Collected data
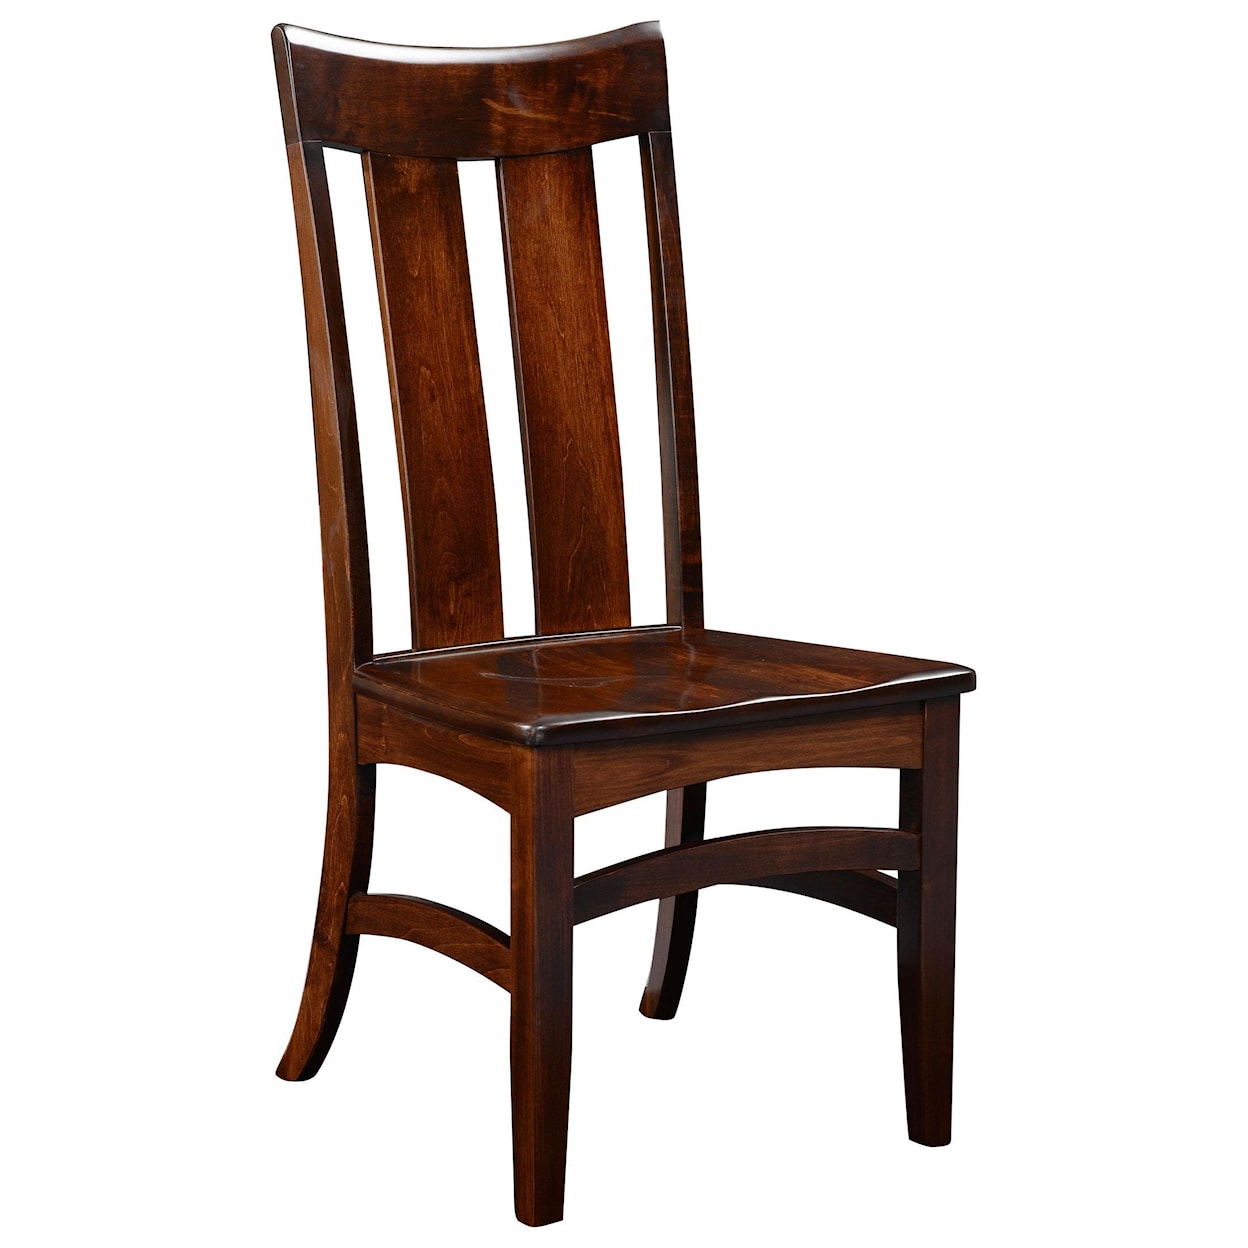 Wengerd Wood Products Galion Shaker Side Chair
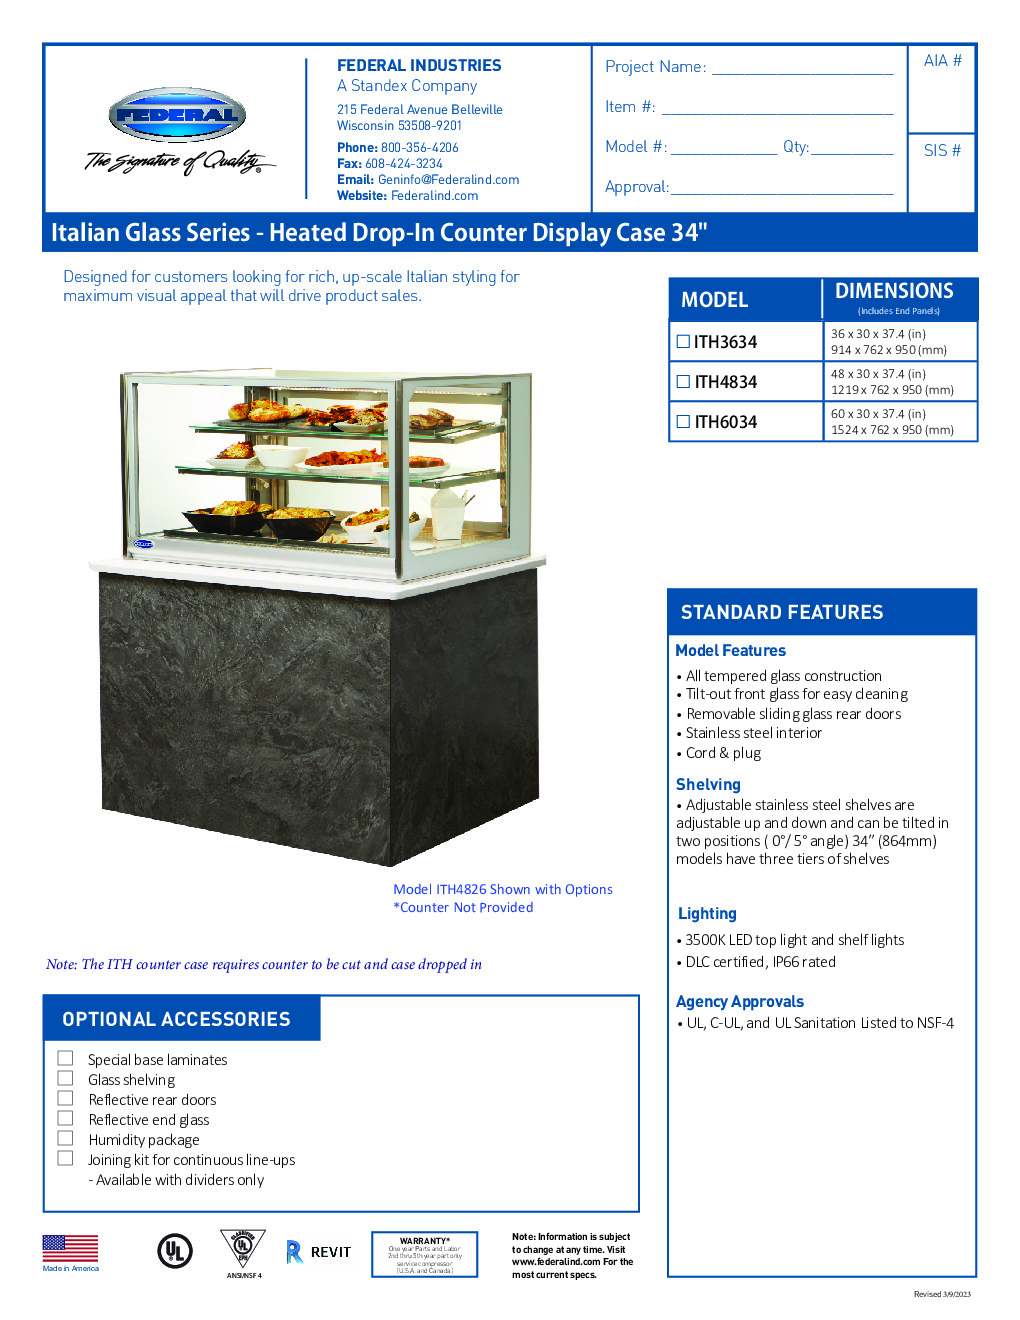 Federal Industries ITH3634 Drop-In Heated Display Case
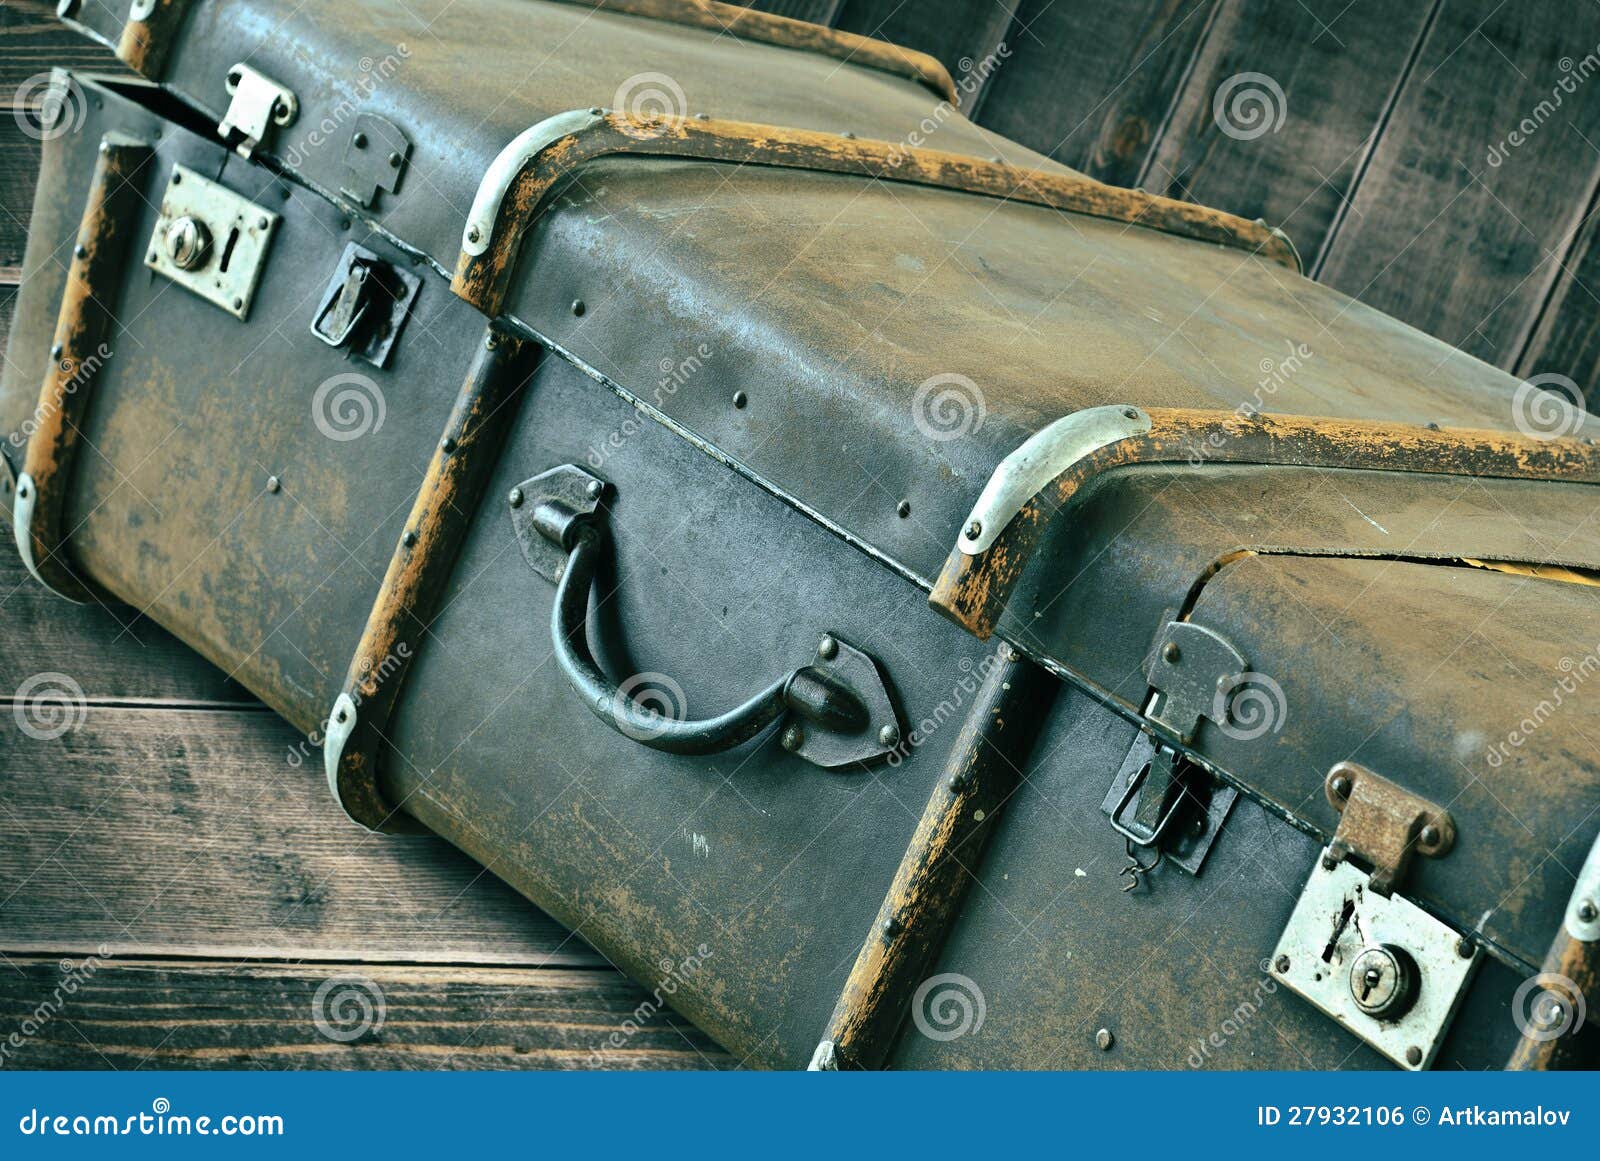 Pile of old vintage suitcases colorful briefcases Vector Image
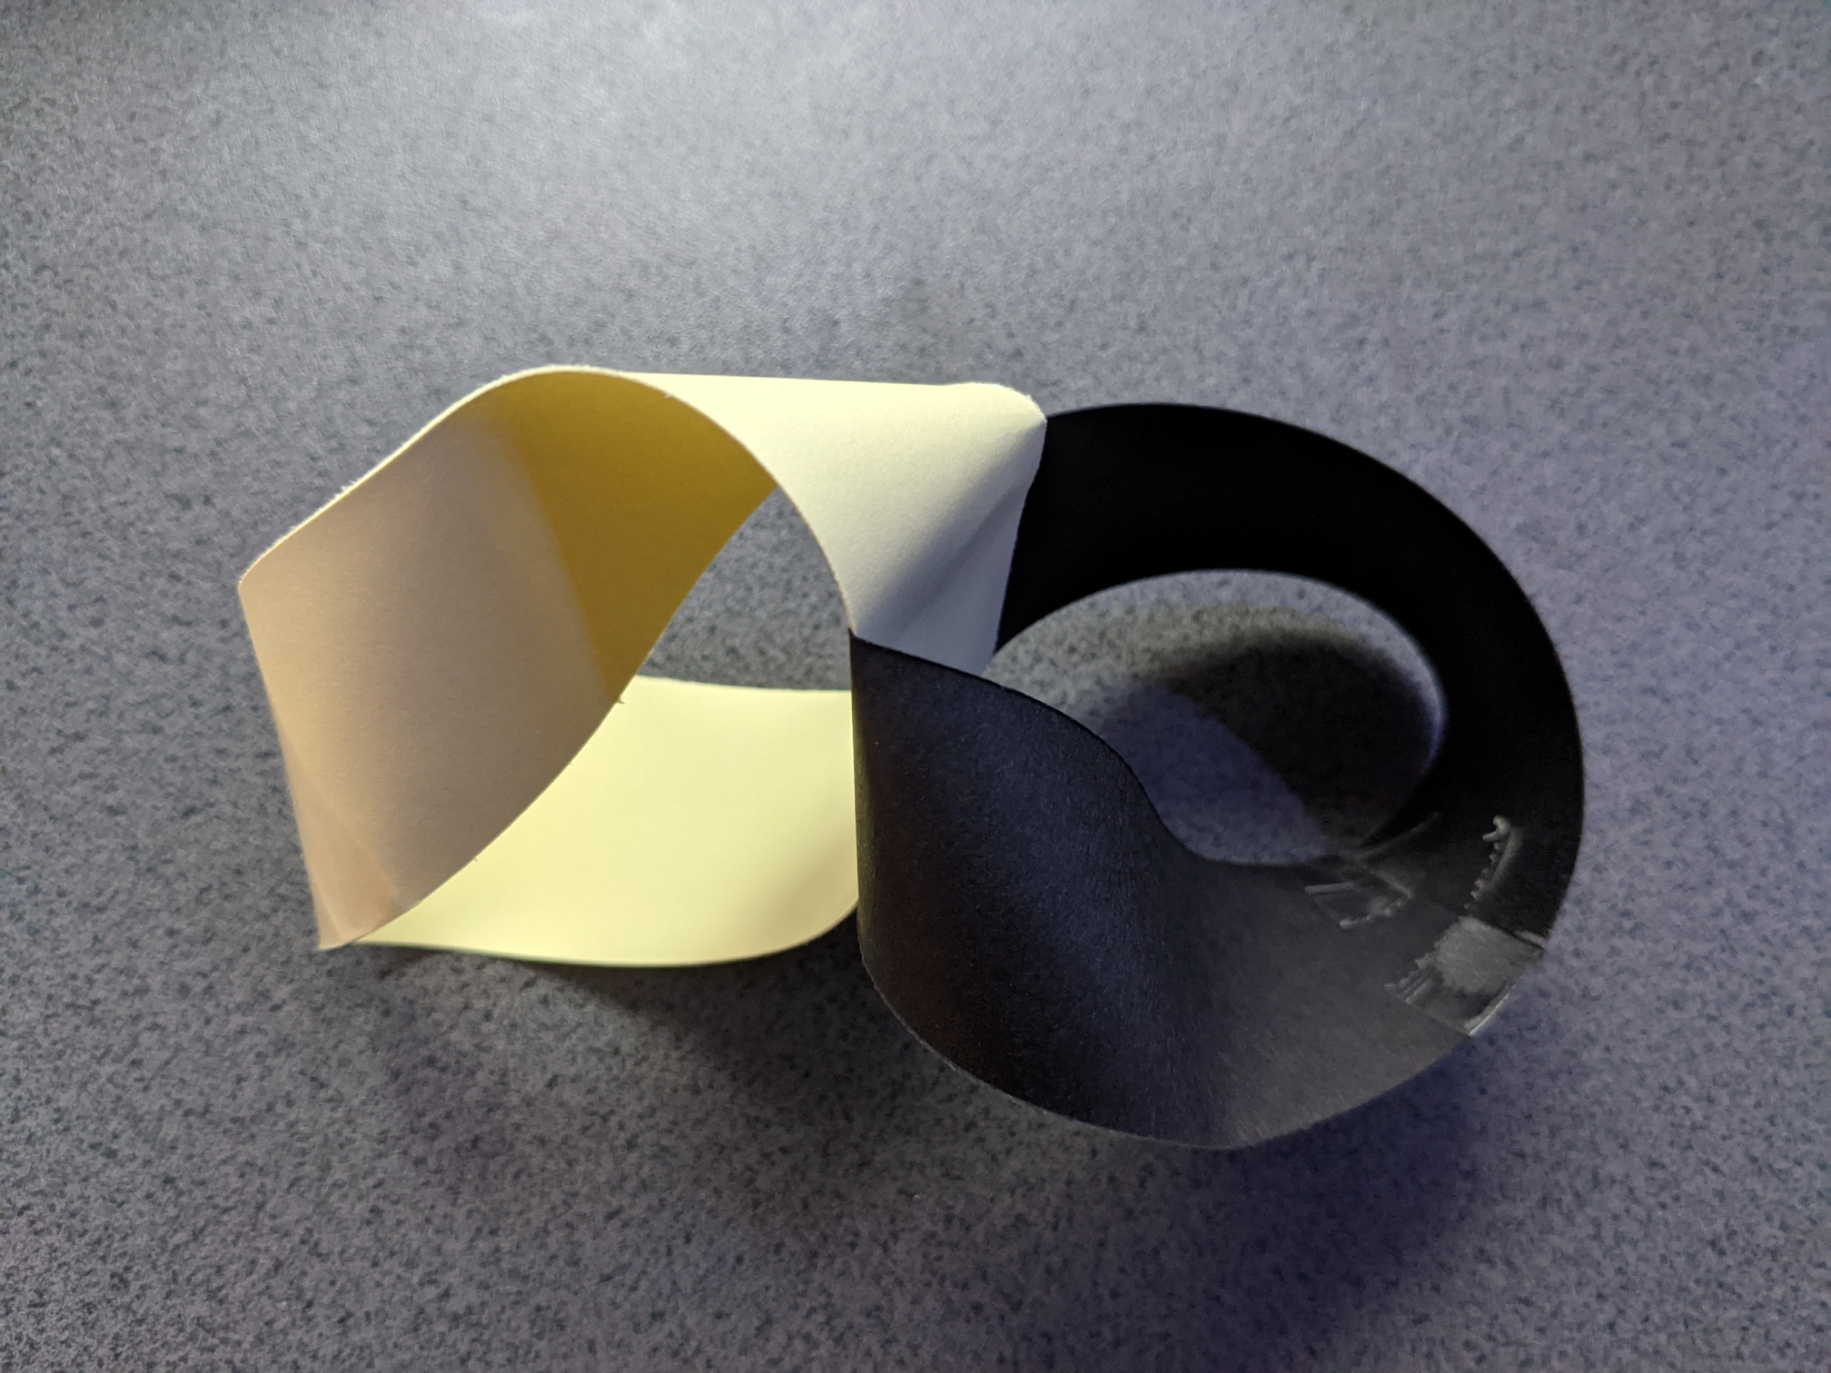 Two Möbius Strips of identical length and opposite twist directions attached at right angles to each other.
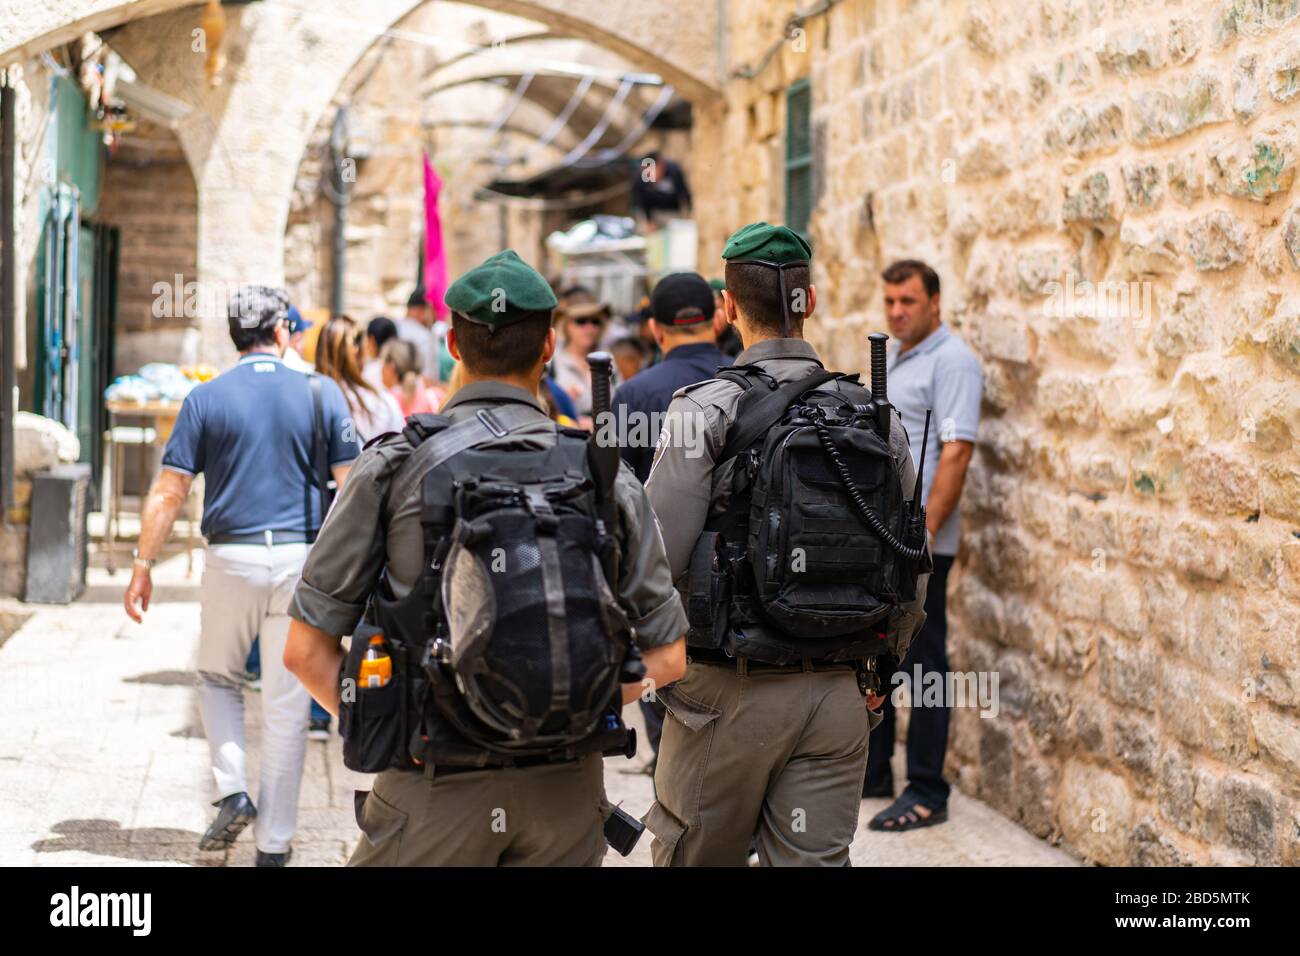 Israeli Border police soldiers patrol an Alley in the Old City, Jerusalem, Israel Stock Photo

• Action item: Beginning with the line that contains "Two Möbius Strips" in the data above, please copy each line exactly until the last line, both ends included, skipping any pictures.

• Expected answer:
 Two Möbius Strips of identical length and opposite twist directions attached at right angles to each other.
 Israeli Border police soldiers patrol an Alley in the Old City, Jerusalem, Israel Stock Photo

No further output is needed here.